Using Switch Expressions

var options = new RetryStrategyOptions<HttpResponseMessage>
{
    ShouldHandle = args => args.Outcome switch
    {
        { Exception: HttpRequestException } => PredicateResult.True(),
        { Exception: TimeoutRejectedException } => PredicateResult.True(),
        { Result: HttpResponseMessage response } when !response.IsSuccessStatusCode => PredicateResult.True(),
        _ => PredicateResult.False()
    }
};

Using PredicateBuilder

var options = new RetryStrategyOptions<HttpResponseMessage>
{
    ShouldHandle = new PredicateBuilder<HttpResponseMessage>()
        .HandleResult(response => !response.IsSuccessStatusCode)
        .Handle<HttpRequestException>()
        .Handle<TimeoutRejectedException>()
};
For greater flexibility and performance, use switch expressions.
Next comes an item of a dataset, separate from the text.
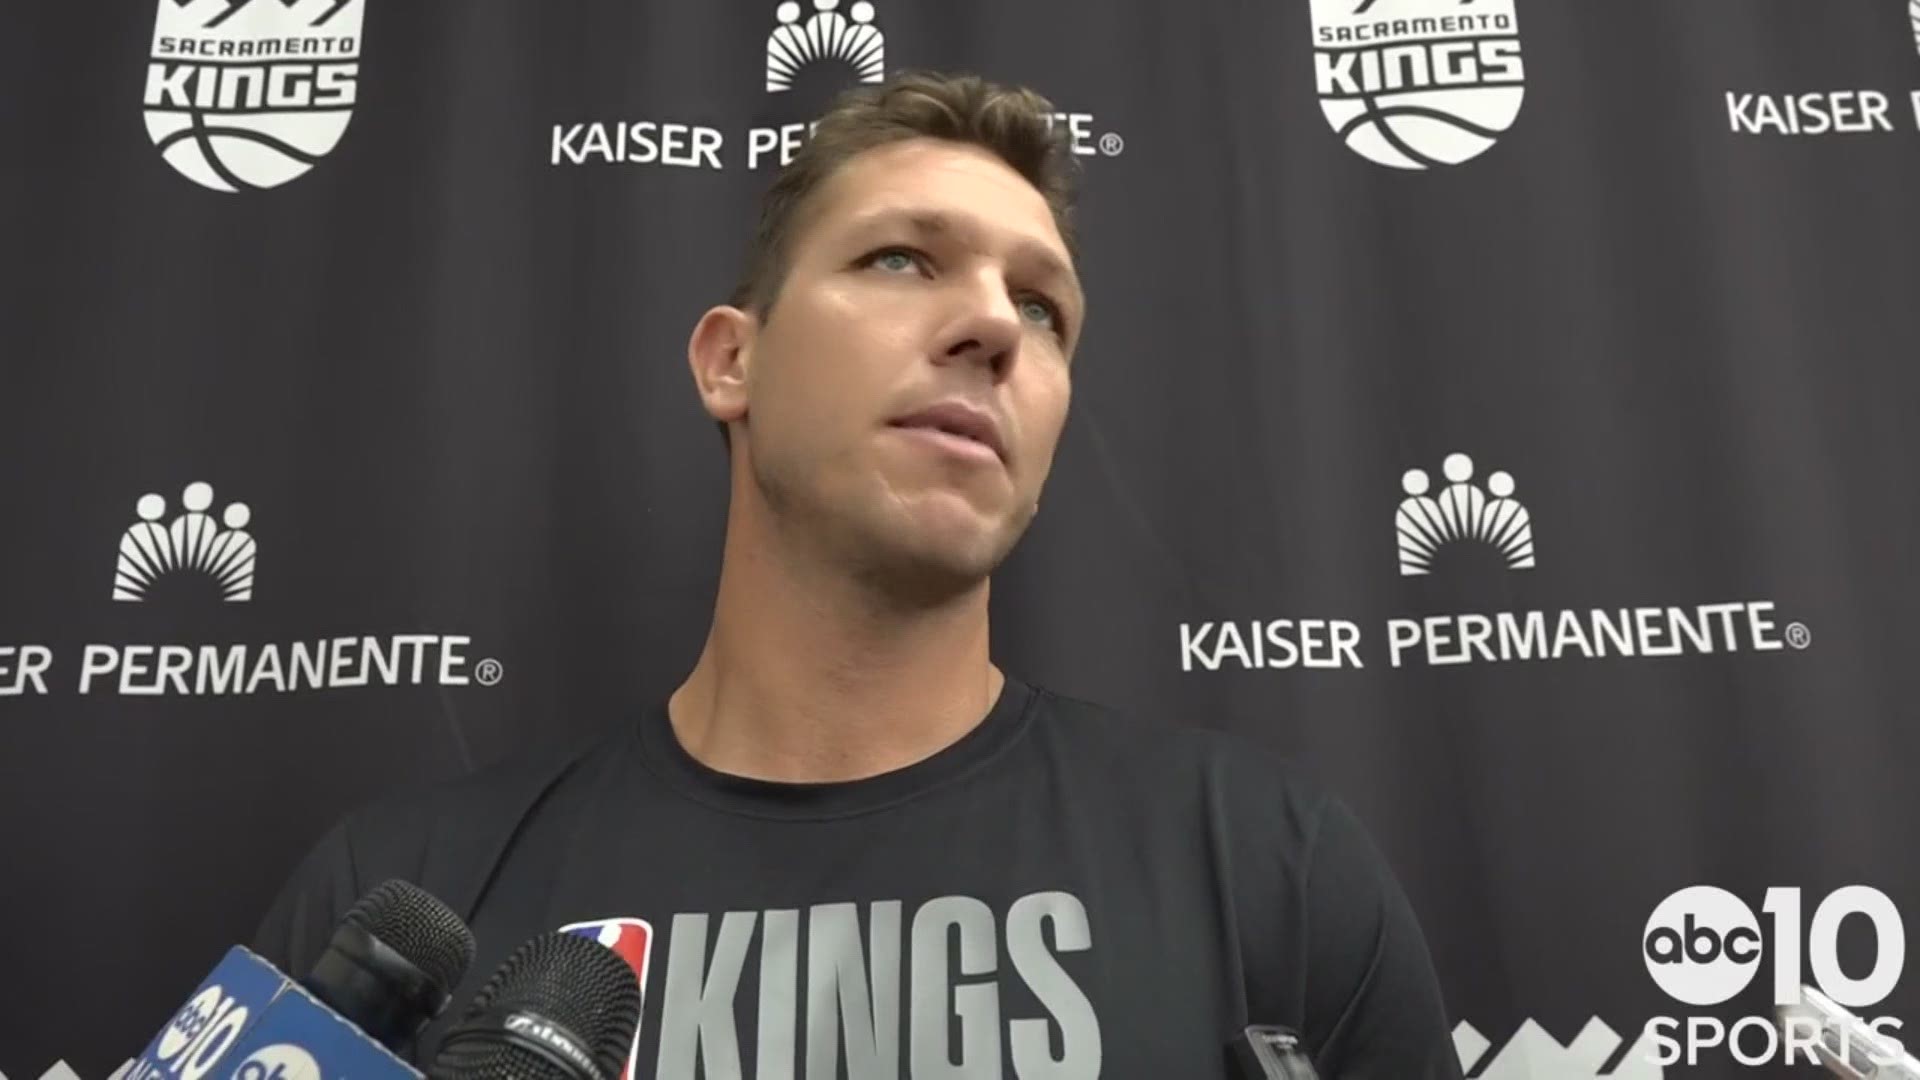 Coach Luke Walton describes the final practice before the Kings depart Sacramento for India later that night, and why not having WiFi on the flight is a good thing.

For simplicity, use PredicateBuilder.

Quick Start

To use Polly, first add the package:
dotnet add package Polly.Core
Then create a resilience pipeline:
ResiliencePipeline pipeline = new ResiliencePipelineBuilder()
    .AddRetry(new RetryStrategyOptions())
    .AddTimeout(TimeSpan.FromSeconds(10))
    .Build();

await pipeline.ExecuteAsync(static async token => 
{
    // Your custom logic goes here
}, cancellationToken);
Reactive strategies respond to failures after they occur (exceptions or bad results). They handle the problem after detecting it.Proactive strategies prevent failures from occurring or becoming worse. They act before problems happen (timeouts, rate limiting).
Yes! Polly is designed to let you chain multiple strategies together in a resilience pipeline. For example, you can combine retry with timeout, or add a circuit breaker with fallback.
Generally, follow this order from outer to inner:
  1. Timeout (outermost)
  2. Retry
  3. Circuit Breaker
  4. Fallback (innermost)
This ensures timeouts apply to all retry attempts, and fallback is used as a last resort.